[Entries taken from a collection]
↓

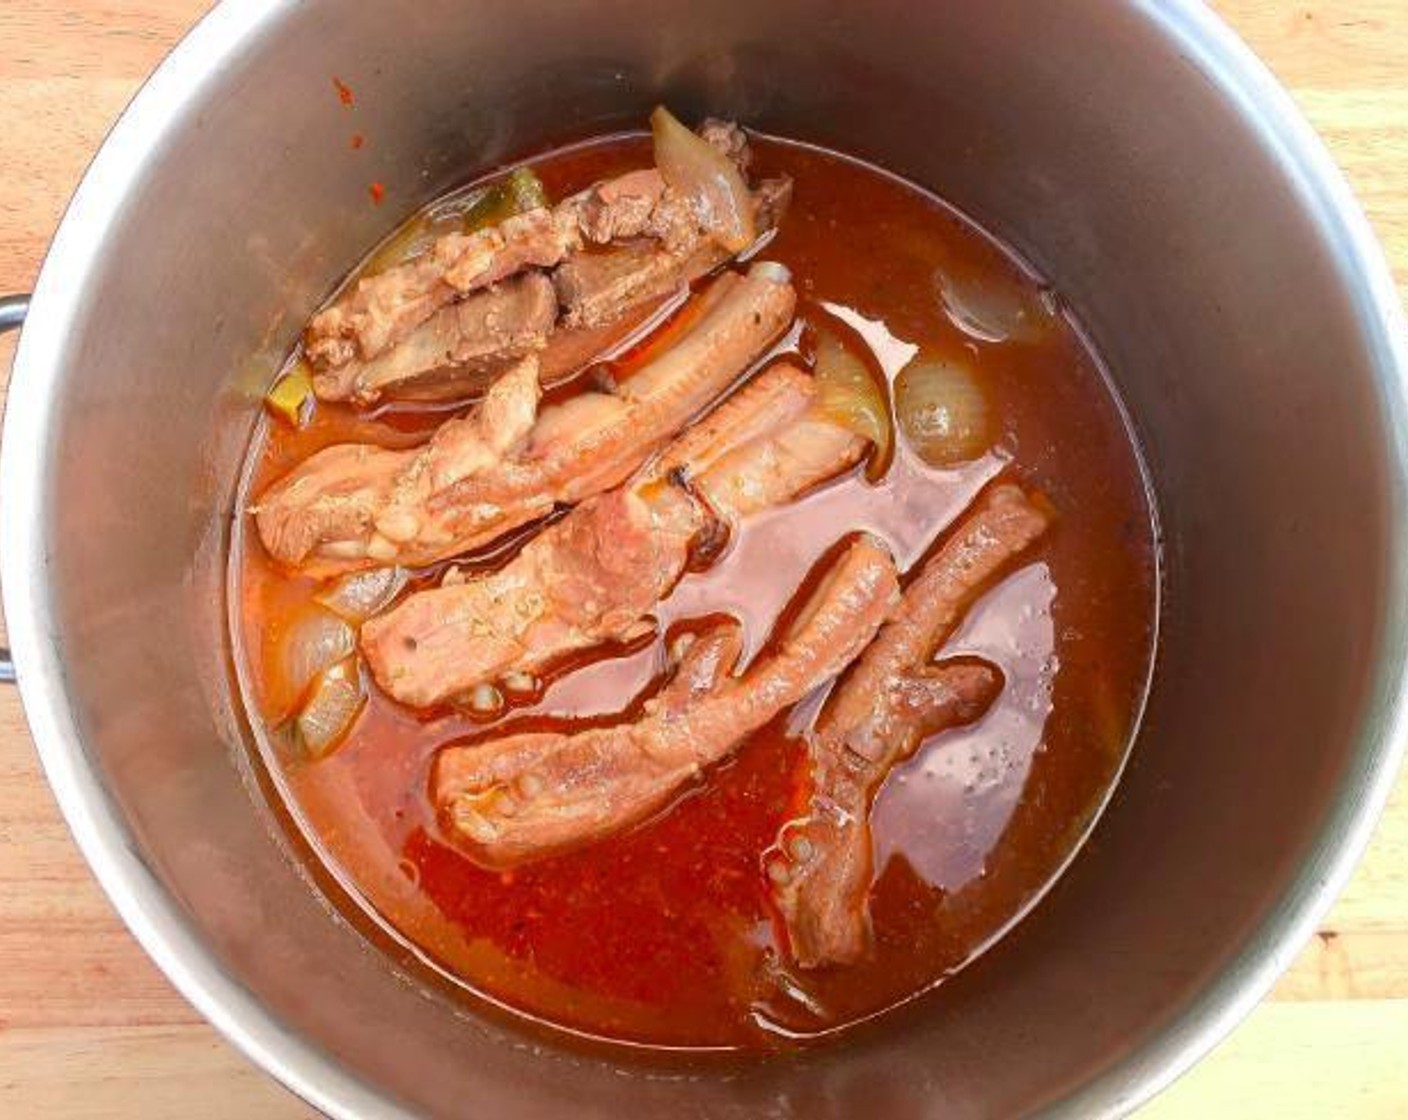 step 2 Simmer pork until very tender, but not falling apart. There should be about 1 quart of stock remaining; if not, adjust with water and additional seasonings. This should take an hour or more depending on the thickness.
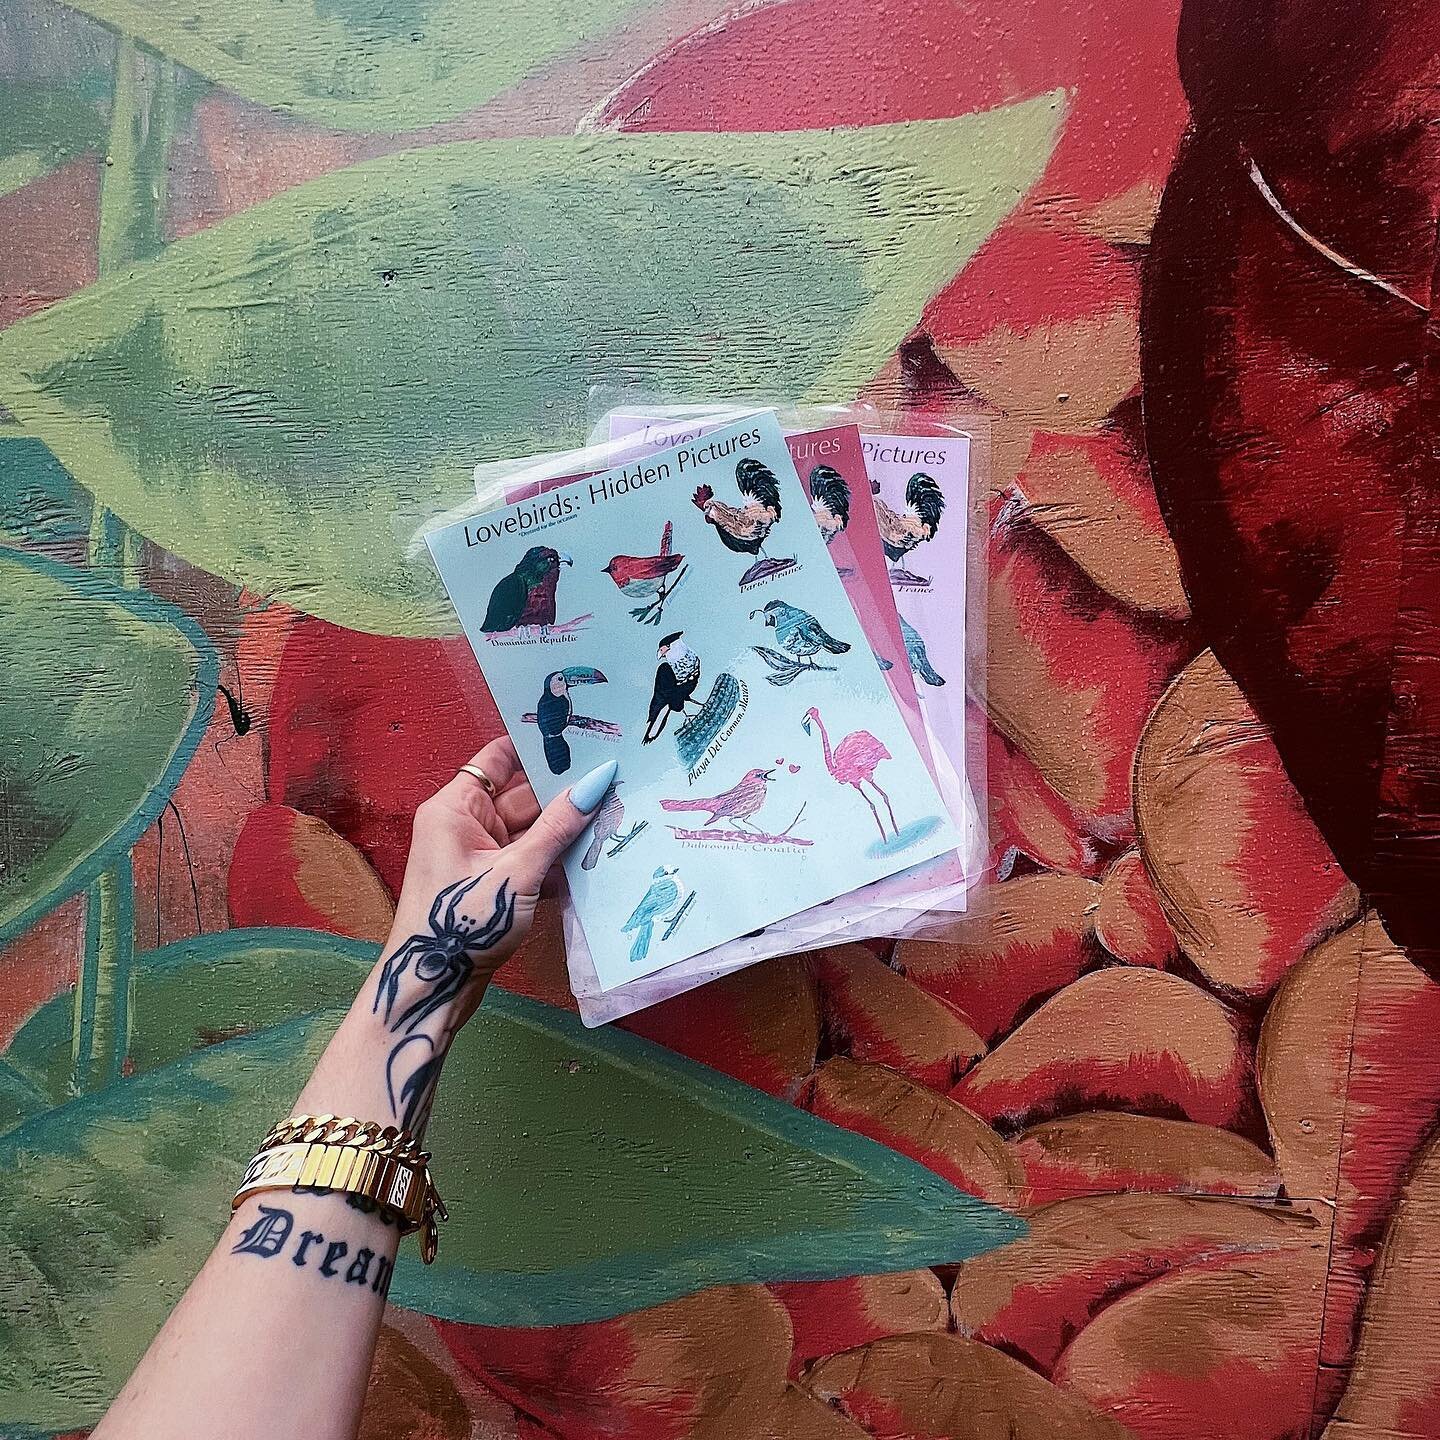 Dropped off some keys for the hidden love bird bbs! So much in motion right now, sometimes we&rsquo;ve gotta give ourselves a moment to smell the flowers 🌺 
.
.
.
P.S. big tings on theeee way!!! Save the date: Sept 25th 👀

↑

Goal of the exercise: Repeat every entry exactly. Do not include the pictures.

Answer to the problem:
 step 2 Simmer pork until very tender, but not falling apart. There should be about 1 quart of stock remaining; if not, adjust with water and additional seasonings. This should take an hour or more depending on the thickness.
 Dropped off some keys for the hidden love bird bbs! So much in motion right now, sometimes we&rsquo;ve gotta give ourselves a moment to smell the flowers 🌺 
.
.
.
P.S. big tings on theeee way!!! Save the date: Sept 25th 👀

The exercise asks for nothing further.